Data provided:
══════

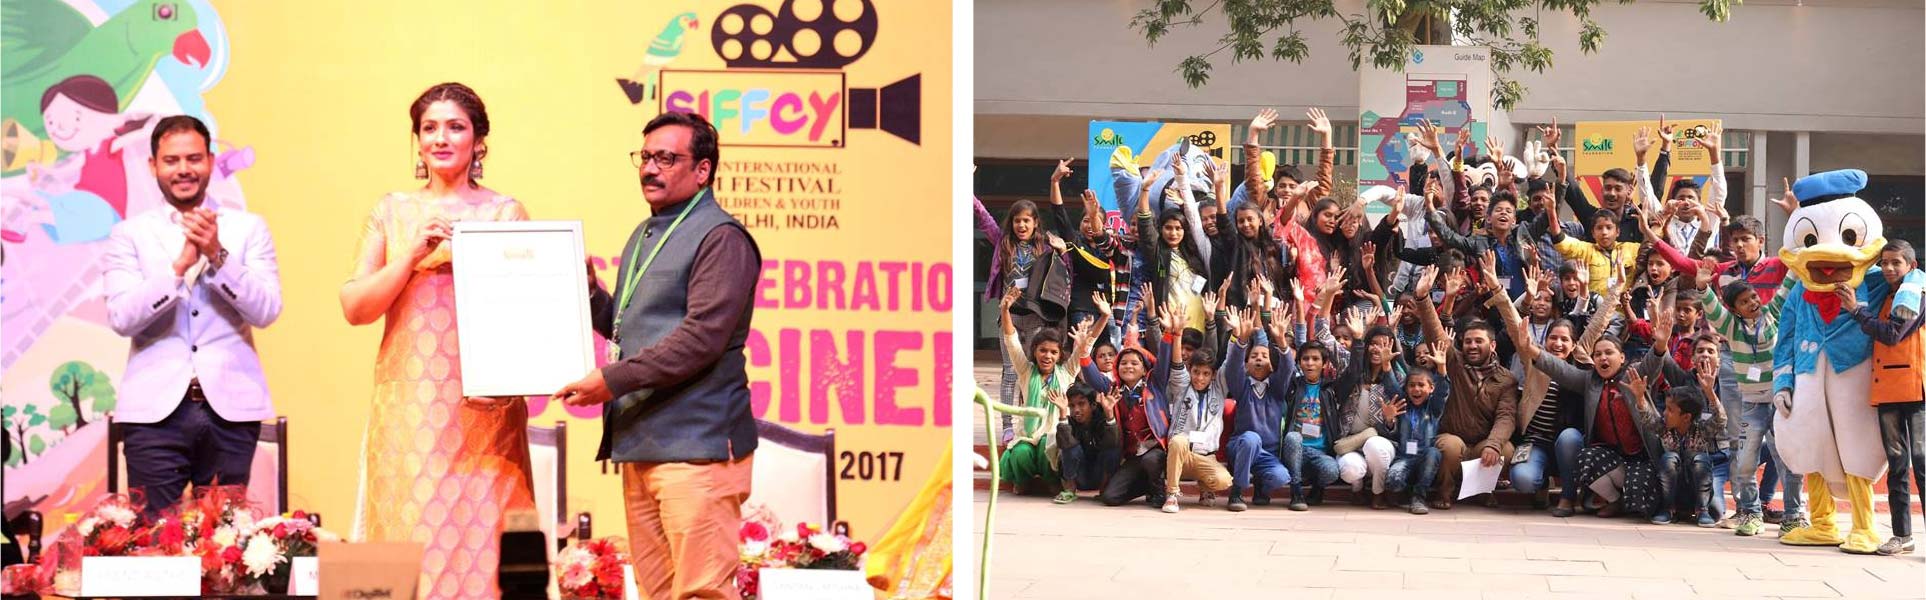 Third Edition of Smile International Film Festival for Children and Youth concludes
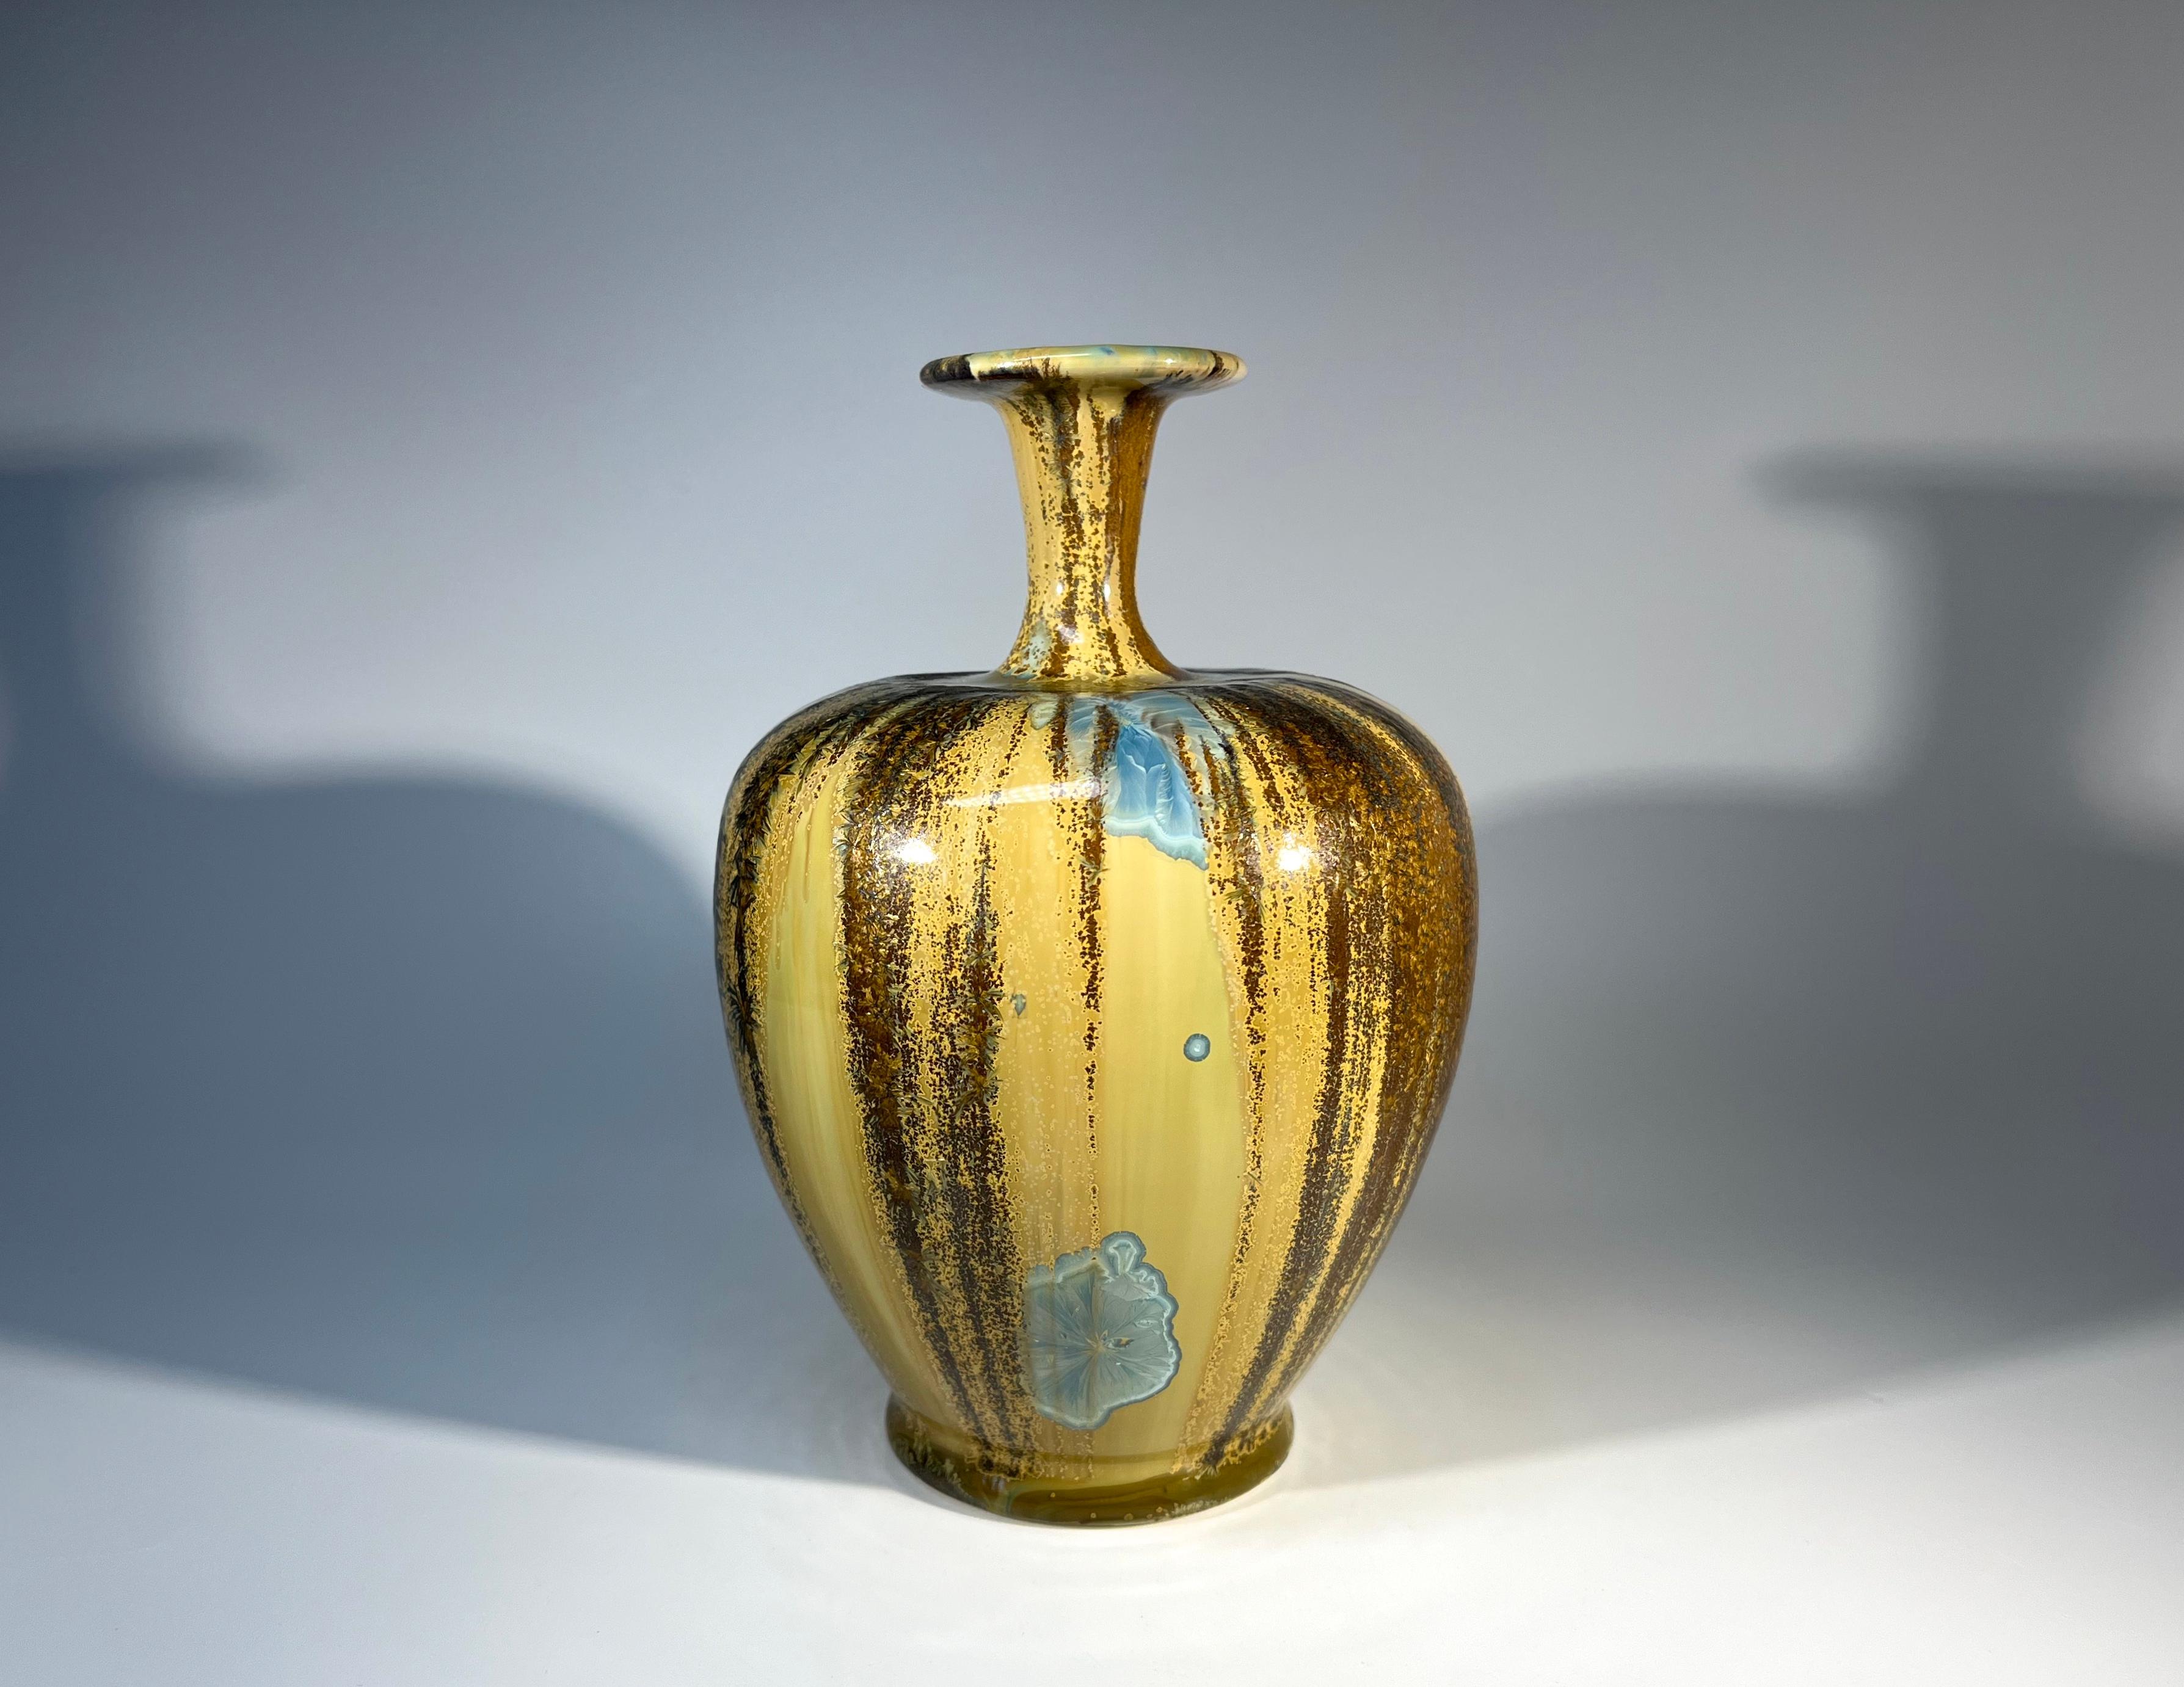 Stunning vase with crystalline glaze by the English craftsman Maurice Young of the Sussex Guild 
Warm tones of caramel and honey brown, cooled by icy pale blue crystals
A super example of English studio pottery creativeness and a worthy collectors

══════

Task objective:
Copy only this, please: the line with "Stunning vase with" and every line after it through the end of the data, with no pictures.

Response area:
 Stunning vase with crystalline glaze by the English craftsman Maurice Young of the Sussex Guild 
Warm tones of caramel and honey brown, cooled by icy pale blue crystals
A super example of English studio pottery creativeness and a worthy collectors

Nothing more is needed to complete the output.